New figures: Oregon health enrollments in middle of the pack
PORTLAND, Ore. (AP) - The latest federal figures show Oregon places in the middle of the pack among states that built their own health insurance exchanges when it comes to the number of people who've signed up for private plans under the Affordable Care Act.
An analysis of new federal government figures by The Associated Press shows that Oregon is seventh when it comes to enrollments in private coverage as a percentage of states' populations. Thirteen other states and the District of Columbia have their own exchanges.
Cover Oregon enrolled 33,808 Oregonians in private insurance during the first four months of the exchange.
The state has even newer figures than the federal government. The latest show the state is still enrolling hundreds of people in private insurance- more than a thousand more than the federal numbers show. It also enrolled 67,500 Oregonians in the Oregon Health Plan, the state's version of Medicaid.
Another 123,000 people enrolled in the OHP using a process that bypassed the exchange.
The state did not provide a breakdown by age, race, or ethnicity.
It also did not say how many of those newly enrolled might also have been previously insured, among those whose policies were slated to be canceled because they didn't meet the law's standards.
Federal officials originally projected 147,000 sign-ups by the end of January in Oregon, but the state has revised its projections downward multiple times. In December, the state scaled down its low-level projections of Oregonians enrolled in private health care by January 2014 to 20,700 people.
The federal numbers also show that Vermont, followed by California, has enrolled the most people as compared to their total populations. Massachusetts enrolled the fewest.
The data shows 73 percent of Oregonians who selected a marketplace plan received financial assistance.

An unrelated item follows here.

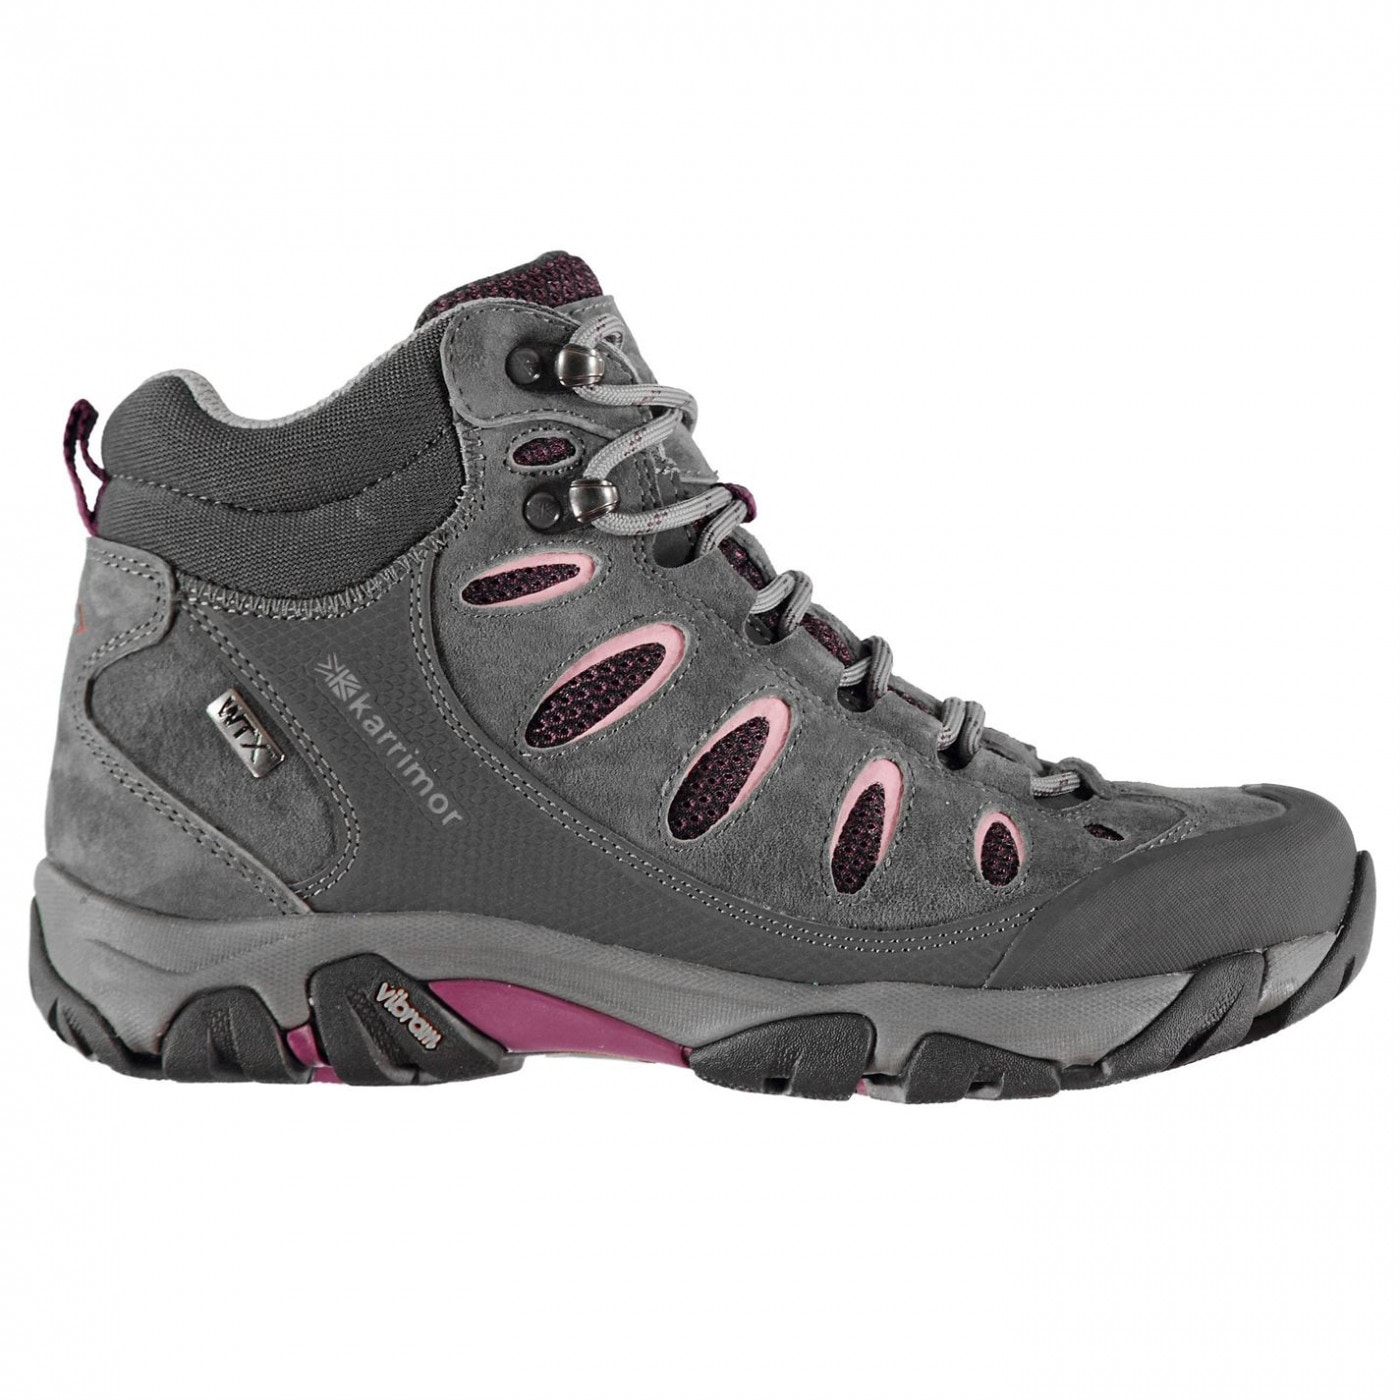 Karrimor Corrie Ladies Walking Boots

The report also includes a breakdown by type of plan. The most popular plan among Oregonians was the silver plan - more than 60 percent picked it, in line with a similar trend nationwide. The silver plan is the second-least expensive of four plans when it comes to premiums and generally covers 70 percent of out-of-pocket expenses.
Oregon's online enrollment site still hasn't launched. The state has relied on a hybrid paper and online process to sign people up.
Cover Oregon now says insurance agents and community partners might be able to enroll Oregonians in coverage in one sitting via the troubled website by the end of this week. Other parts of the online exchange would still not be operational, such as communicating with carriers and making payments for insurance plans.
The state did not say when the online exchange would open to the public.